/Twitter-Hashtag-Tracking

Twitter hashtag tracking, analysis and classification.

Primary LanguagePythonMIT LicenseMIT

Python 3.4 license release v1.4

Twitter Hashtag Tracking

Motivation

Track specific hashtags or keywords in Twitter, and do real-time analysis on the tweets.

Run Example

Configuration

Set your own src/config.json file to get Twitter API access.

{ "asecret": "XXX...XXX",
  "atoken":  "XXX...XXX",
  "csecret": "XXX...XXX",
  "ckey":    "XXX...XXX"

Modify the conf/parameters.json file to set the parameters.

{ "hashtag": "#overwatch",
  "DStream": { "batch_interval": "60",
               "window_time": "60",
               "process_times": "60" }
}

Suggestion: Set batch_interval and window_time the multiple of 60.

MongoDB Database

Start a mongod process

sudo mongod

Model Training

Run Spark jobs to train a Naive Bayes model for later sentiment analysis.

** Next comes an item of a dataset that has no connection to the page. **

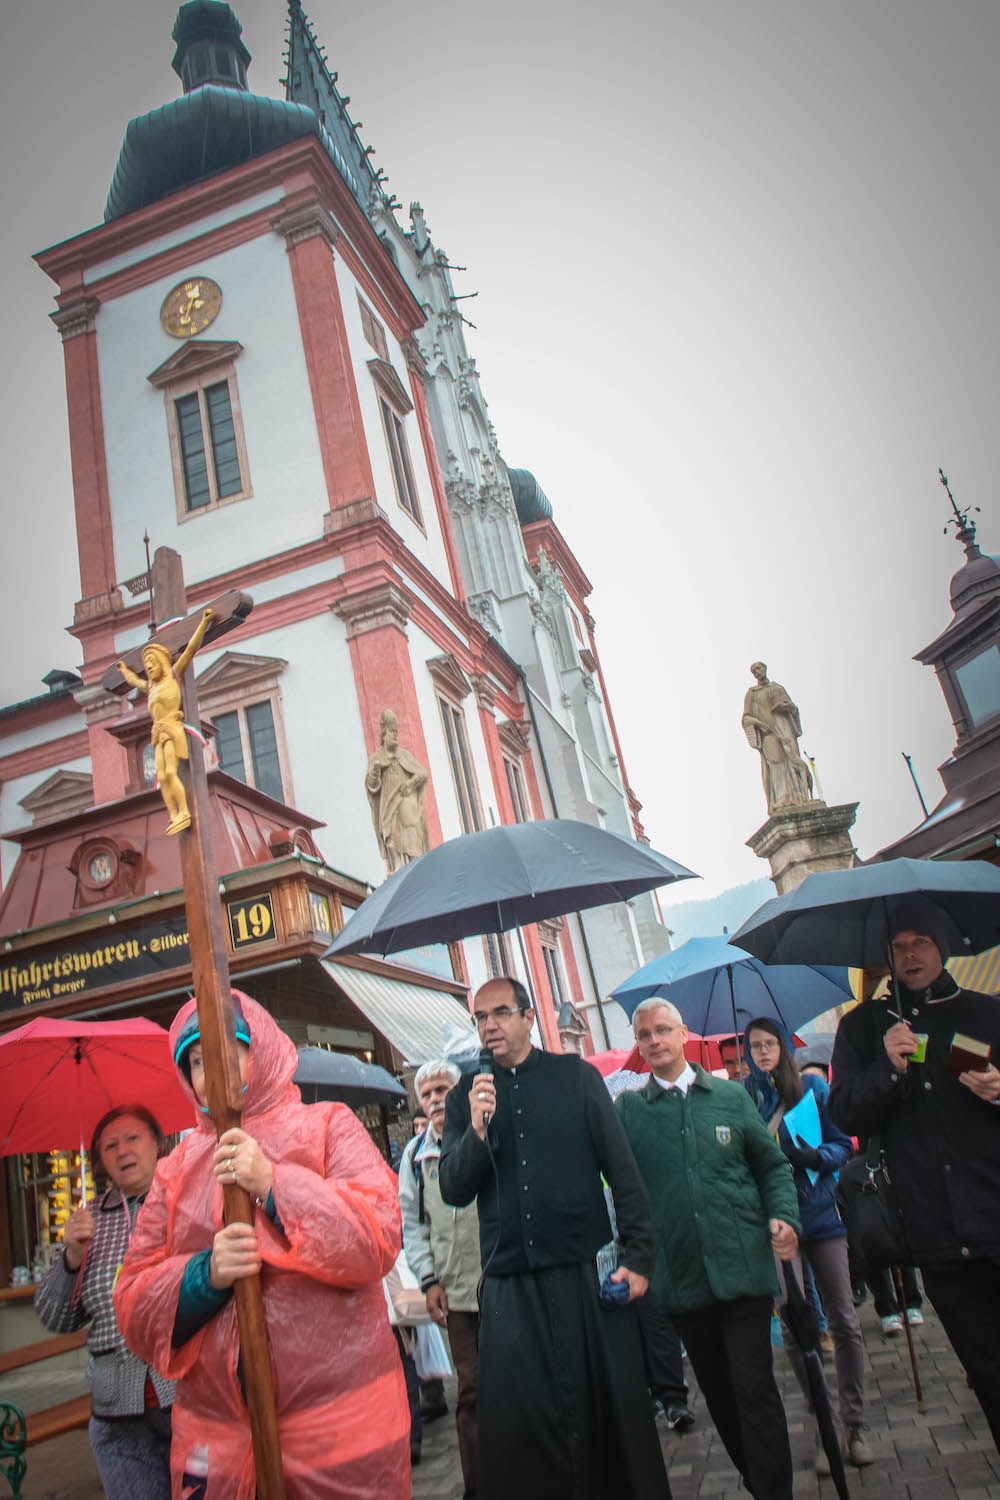 Viele hunderte Pilger feierten heute mit Dr. János Szekely, Bischof von Szombathely, anlässlich der traditionellen Ungarischen Wallfahrt die heilige Messe in der Basilika.

$SPARK_HOME/bin/spark-submit src/model.py > log/model.log

You can check the accuracy of the trained model in log/model.log:

>>> Accuracy
0.959944108057755

Twitter Input

Wait for connection to start streaming tweets.

python3.4 src/stream.py

Spark Streaming

Run Spark jobs to do real-time analysis on the tweets.

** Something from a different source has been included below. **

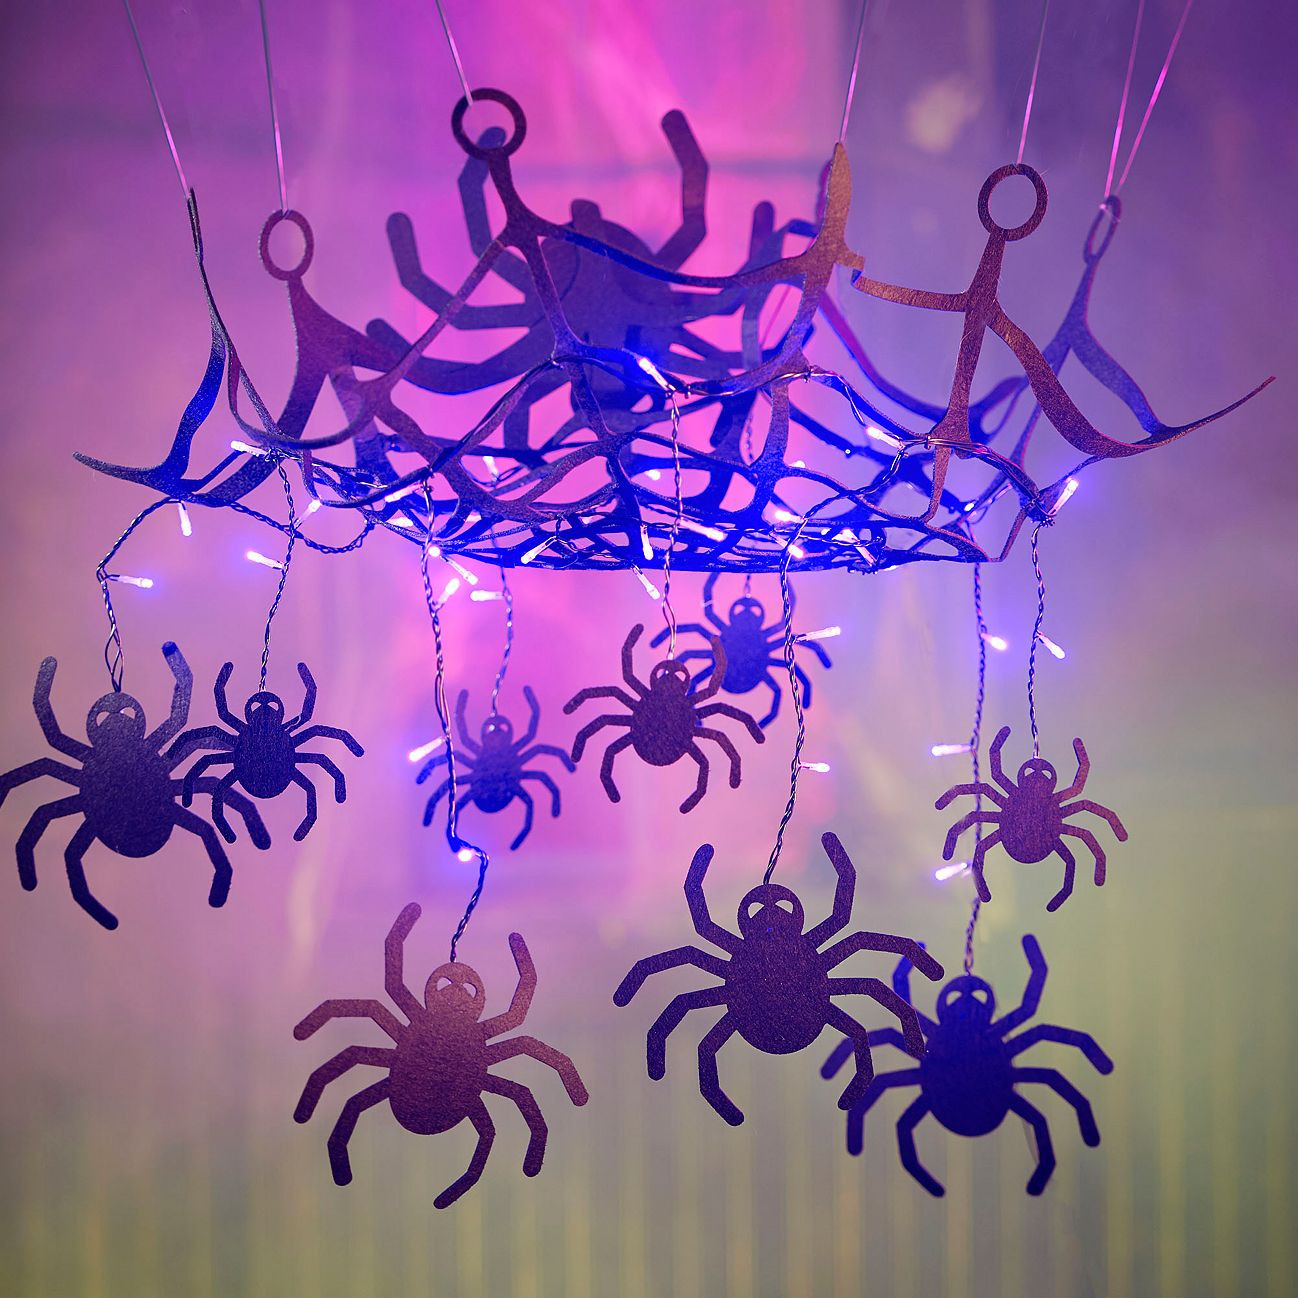 Spider Web Chandelier Halloween Decoration w Purple Lights

$SPARK_HOME/bin/spark-submit src/analysis.py > log/analysis.log

Dashboard

Run the data visualization jobs.

python3.4 web/dashboard.py

Process

Twitter API

  • Use Twitter API tweepy to stream tweets
  • Filter out the tweets which contain the specific keywords/hashtag that we want to track.
  • Use TCP/IP socket to send the fetched tweets to the spark job

Real-time Analysis

  • Use Spark Streaming to perform the real-time analysis on the tweets
  • Count the number of related tweets for each time interval
  • Tweet context preprocess
    • Remove all punctuations
    • Set capital letters to lower case
    • Remove stop words for better performance
  • Find out the most related keywords
  • Find out the most related hashtags
  • Sentiment analysis
    • Use Spark MLlib to build a Naive Bayes model
    • Classify each tweet to be positive/negative
    • Training examples from Sanders Analytics

Database

  • Use MongoDB to store the analysis results

Visualization

The Dashboard.

Time line of related tweet counts, most related hashtags, most related keywords, the ratio of postive/negative tweets.

Prerequisite

Resources

License

See the LICENSE file for license rights and limitations (MIT).